This is very strange.. While the autocomplete entry works fine, if you just hit enter without selecting anything, it *sometimes* doesn't convert + to %2B. When I tried it on my profile, all the keywords were correctly converting + to %2B. But when I just tried adding a new keyword using the "Add a Keyword for this Search", I run into problems. But, if I manually create a bookmark, it changes + to %2B. Some digging around in my places.sqlite, I noticed the ones that *were* working correctly (+ -> %2B) had *no* moz_anno with that bookmark's place_id. The ones that were created through "Add a Keyword for this Search" do have an annotation and some reason prevents + from changing to %2B. ??

Status: RESOLVED → REOPENED

Resolution: WORKSFORME → ---

Ed Lee :Mardak

Comment 17

•

17 years ago

So as another way to work around this issue... 1) Perform the search you want 2) Copy the url from the resulting page 3) Create a bookmark with that url replacing your search term with %s

:Gavin Sharp [email: gavin@gavinsharp.com]

Comment 18

•

17 years ago

Presumably the difference is which of the two branches end up being taken in getShortcutOrURI. escape() doesn't escape "+", but encodeURIComponent does. http://mxr.mozilla.org/mozilla-central/source/browser/base/content/browser.js#1891

Marco Bonardo [:mak]

Comment 19

•

17 years ago

that is probably the charset anno, if a charset is known for the page we choose another way there

Marco Bonardo [:mak]

Comment 20

•

17 years ago

and when we add a keyword we save the page charset iirc

Mike Beltzner [:beltzner, not reading bugmail]

Comment 21

•

17 years ago

(In reply to comment #18) > Presumably the difference is which of the two branches end up being taken in > getShortcutOrURI. escape() doesn't escape "+", but encodeURIComponent does. > > http://mxr.mozilla.org/mozilla-central/source/browser/base/content/browser.js#1891 I think this also happens to bookmarklets; that would explain why when I tried to generate an is.gd URL from an is.gd bookmarklet, the "+" didn't go through.

Yellowish_blob

Comment 23

•

16 years ago

I quickly tested the problem on a mac today at a friends place. Atleast then it seemed that it worked properly on a mac, but would like to have someone confirm it.

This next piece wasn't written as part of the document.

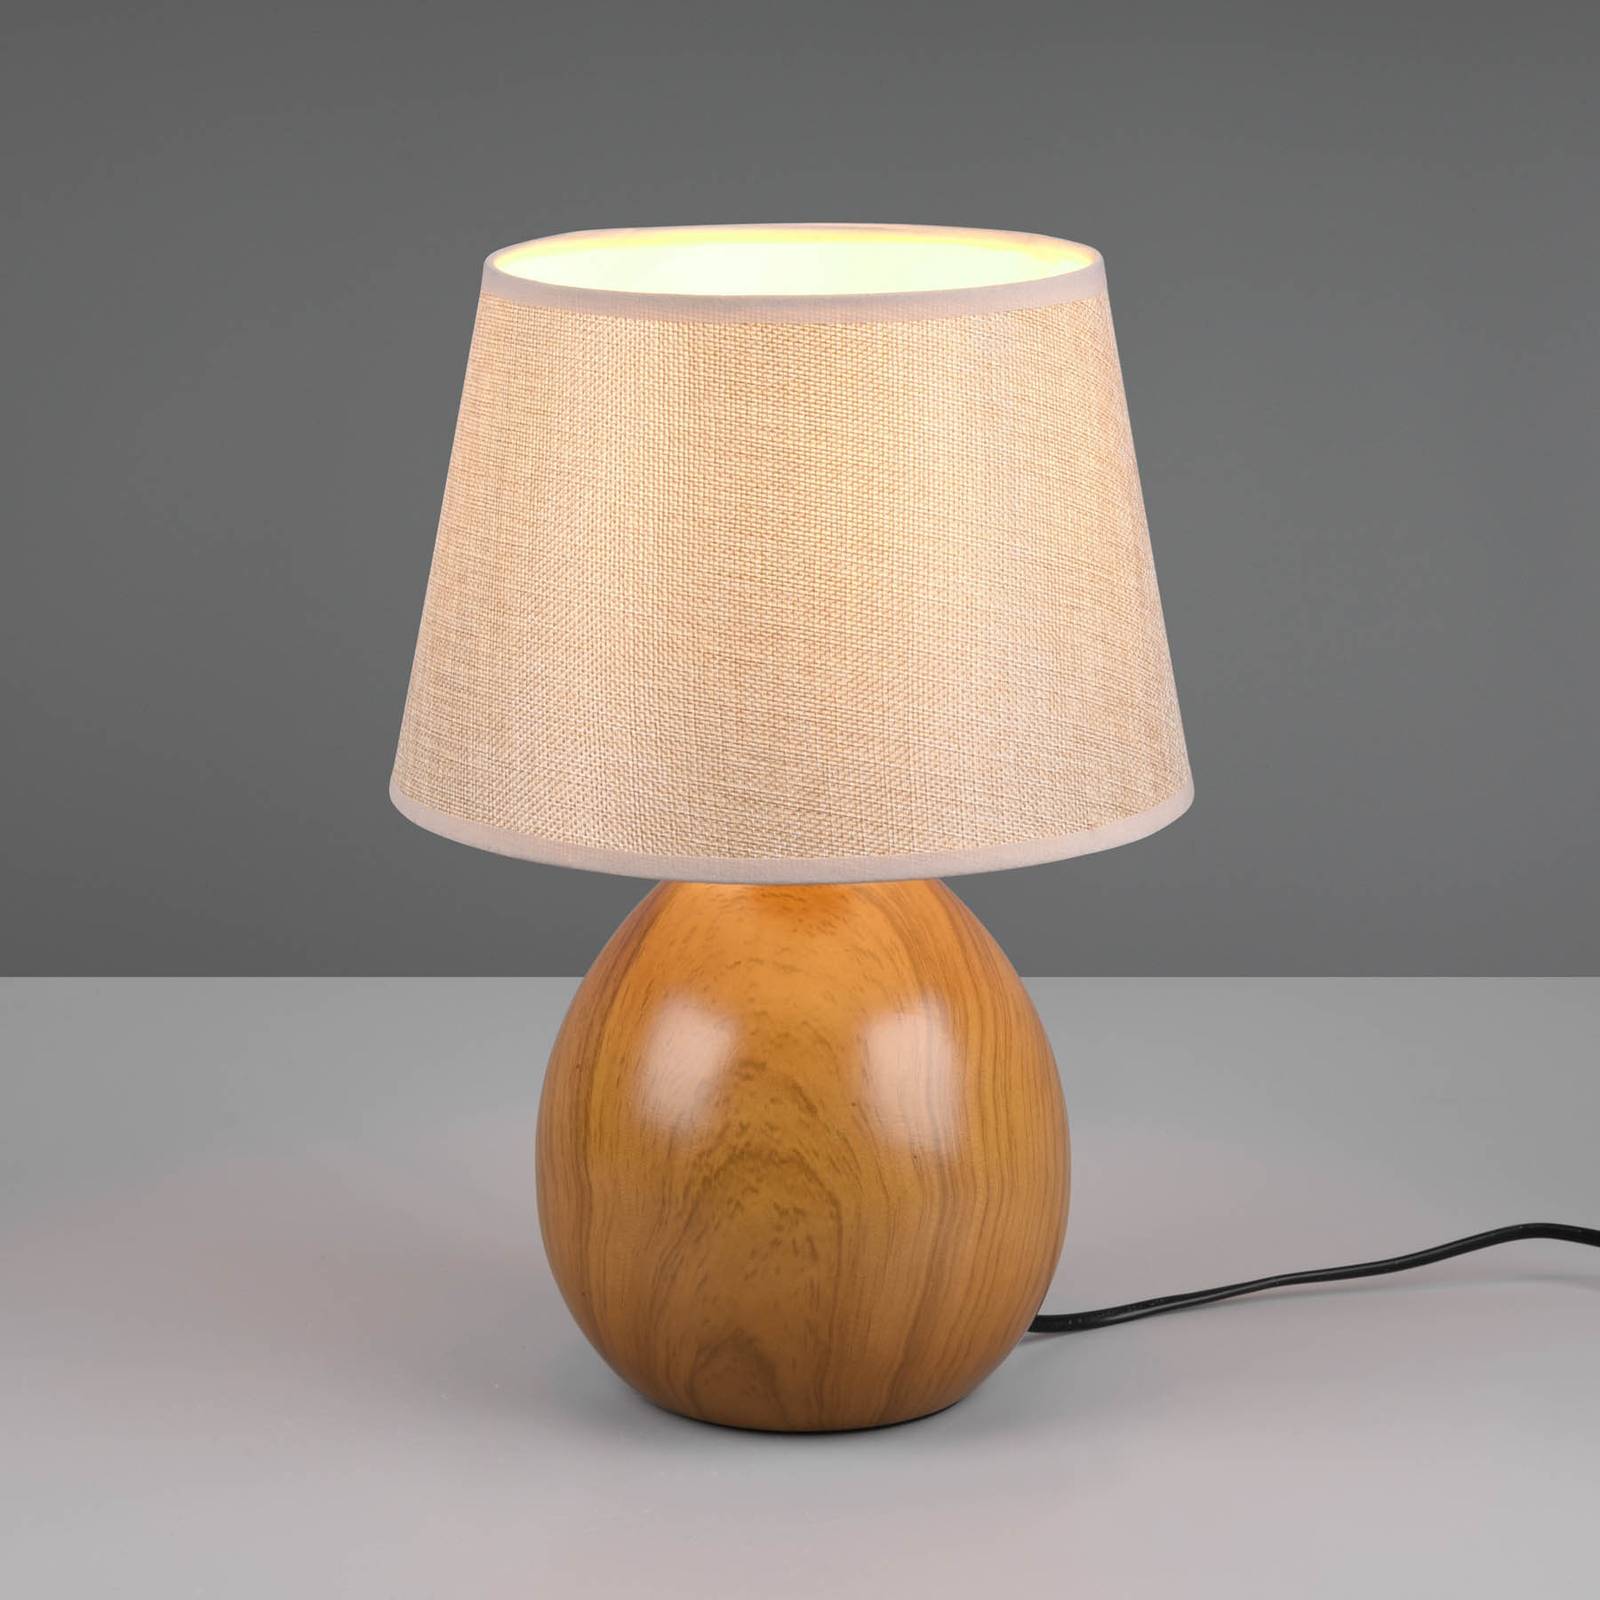 Reality Leuchten Loxur table lamp, height 35 cm, beige/wood look

Mike Beltzner [:beltzner, not reading bugmail]

Updated

•

16 years ago

Flags: wanted-firefox3.6+

Flags: blocking-firefox3.6?

Flags: blocking-firefox3.6-

slavkop

Reporter

Comment 24

•

16 years ago

As far as I've used this feature, this bug has been fixed for me for a while. Now using Firefox 3.5.2 on Windows. Though I'd read that for some this bug was resolved for a long time (on what might've been even the 1+ series). Just created a quick bookmarklet (bookmark location: javascript:alert("%s")) and assigned a keyword and this works, correctly displaying "C++" [unquoted] for a keyword-based search for "C++" [unquoted].

Evan

Comment 25

•

16 years ago

slavkop: Comment #16 and #17 explain what works and what doesn't; near as I can tell those comments are still accurate. If you manually create a bookmark, substituting %s in the appropriate place, then there is no bug. (This is what your original bug report did.) However, if you use the "add keyword for this search" feature (right click on, say, Google's text box), the bug still exists in FF 3.5.3/Win.

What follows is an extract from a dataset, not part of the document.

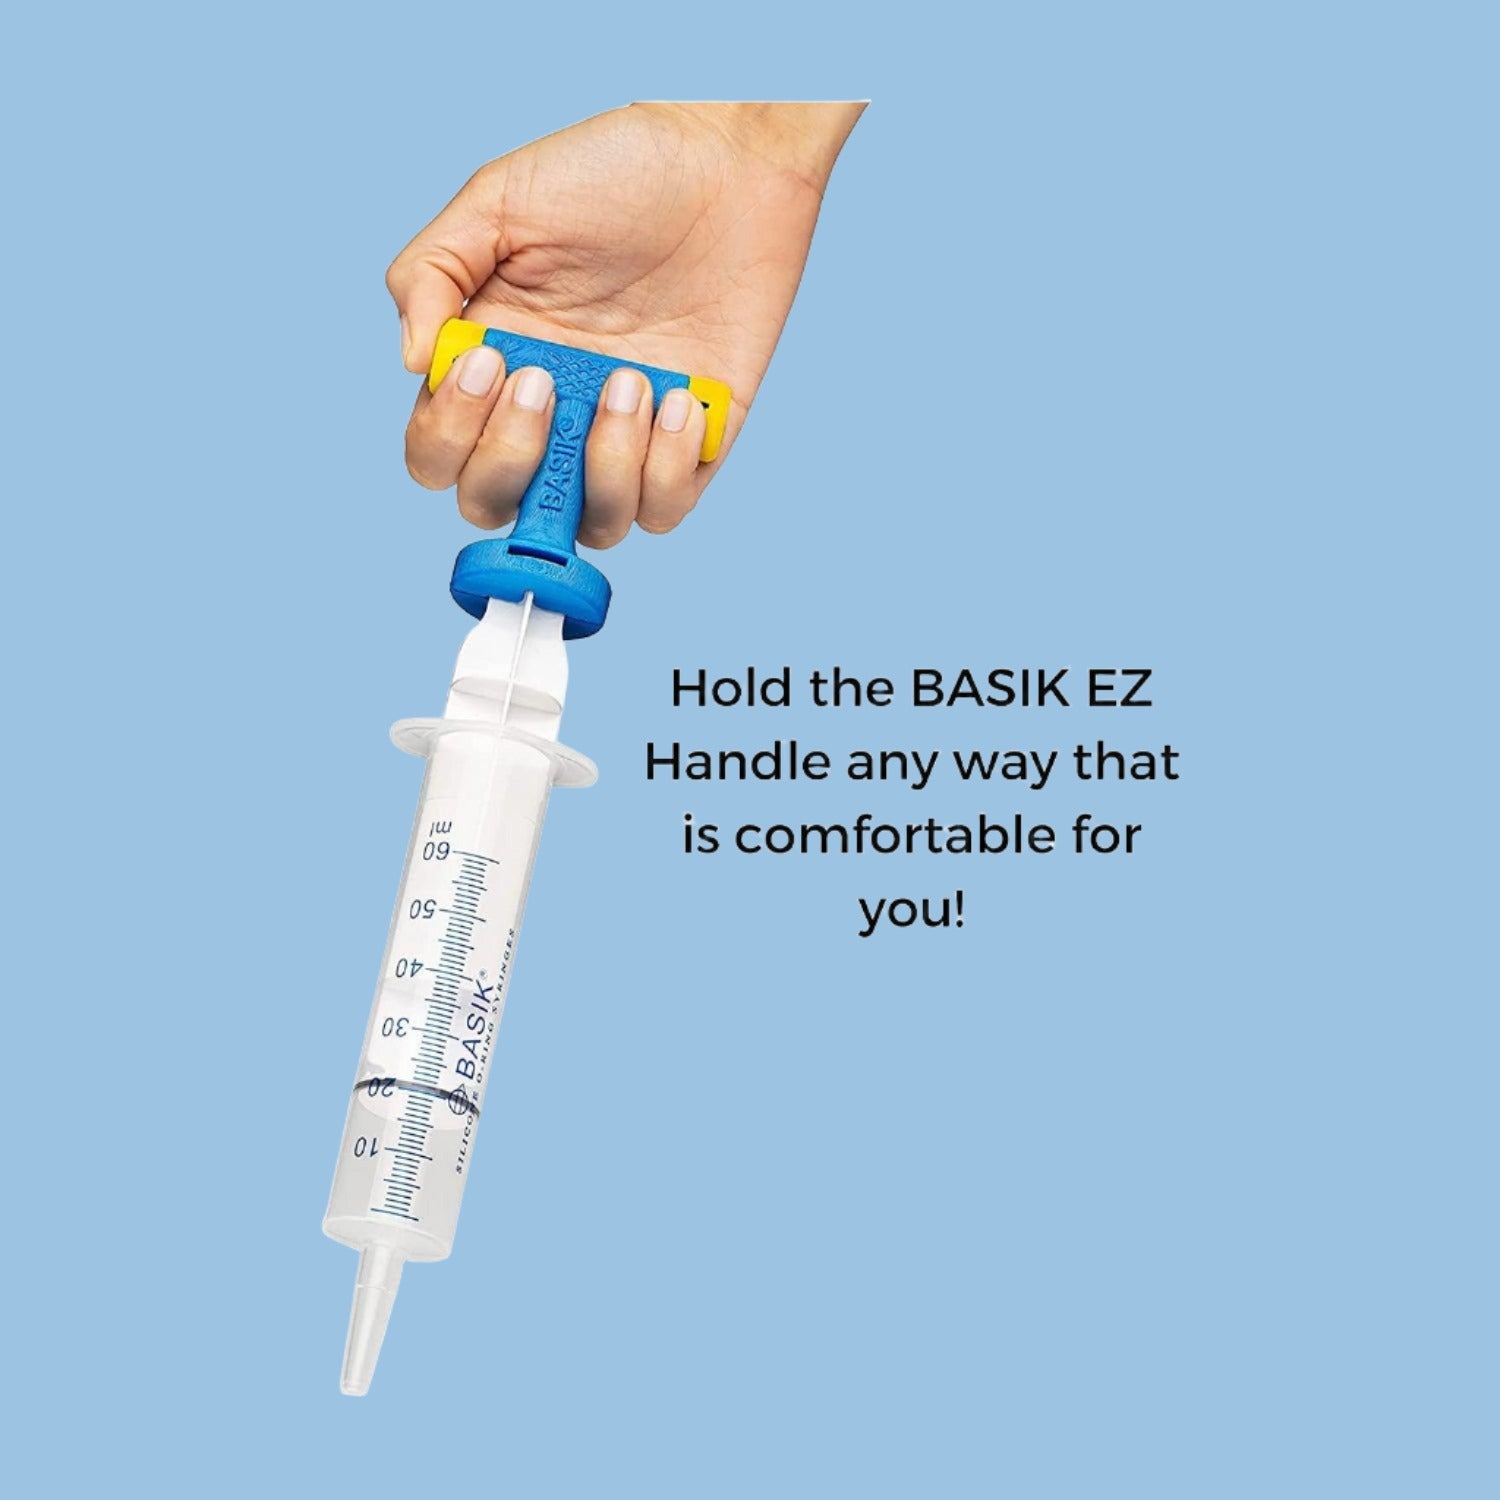 'Basik EZ' Syringe Assist Plunger Handle (Designed for Enteral Tube Feeding) - Anjelstore

Blair McBride [:Unfocused] (UNAVAILABLE)

Comment 26

•

16 years ago

(In reply to comment #4) > The patch for bug 258223 made us use escape() if there is a specified character > set, and encodeURIComponent if there isn't. I'm not sure why that discrepancy > was introduced, but it would explain the "+" signs not being escaped (escape() > doesn't escape them, encodeURIComponent() does). From what I can tell, its because encodeURIComponent() always returns UTF-8. Although, the result of encodeURIComponent() can just be converted to the relevant character set, and all the problems should just magically go away.

Assignee: nobody → bmcbride

Blair McBride [:Unfocused] (UNAVAILABLE)

Comment 27

•

16 years ago

Attached patch Patch v1 (obsolete) — Details — Splinter Review

Attachment #405365 - Flags: review?(gavin.sharp)

:Gavin Sharp [email: gavin@gavinsharp.com]

Comment 28

•

16 years ago

That patch is equivalent to just removing the escape() call. I don't understand how that matches your comment, or why it would be OK.

Blair McBride [:Unfocused] (UNAVAILABLE)

Comment 29

•

16 years ago

Attached patch Patch v1.1 (obsolete) — Details — Splinter Review

(In reply to comment #28) > That patch is equivalent to just removing the escape() call. I don't understand > how that matches your comment, or why it would be OK. Whoops... Don't know how I did that. This line: + encodedParam = convertFromUnicode(charset, param); Should be: + encodedParam = convertFromUnicode(charset, encodedParam); This patch should be what I intend.

Attachment #405365 - Attachment is obsolete: true

Attachment #405404 - Flags: review?(gavin.sharp)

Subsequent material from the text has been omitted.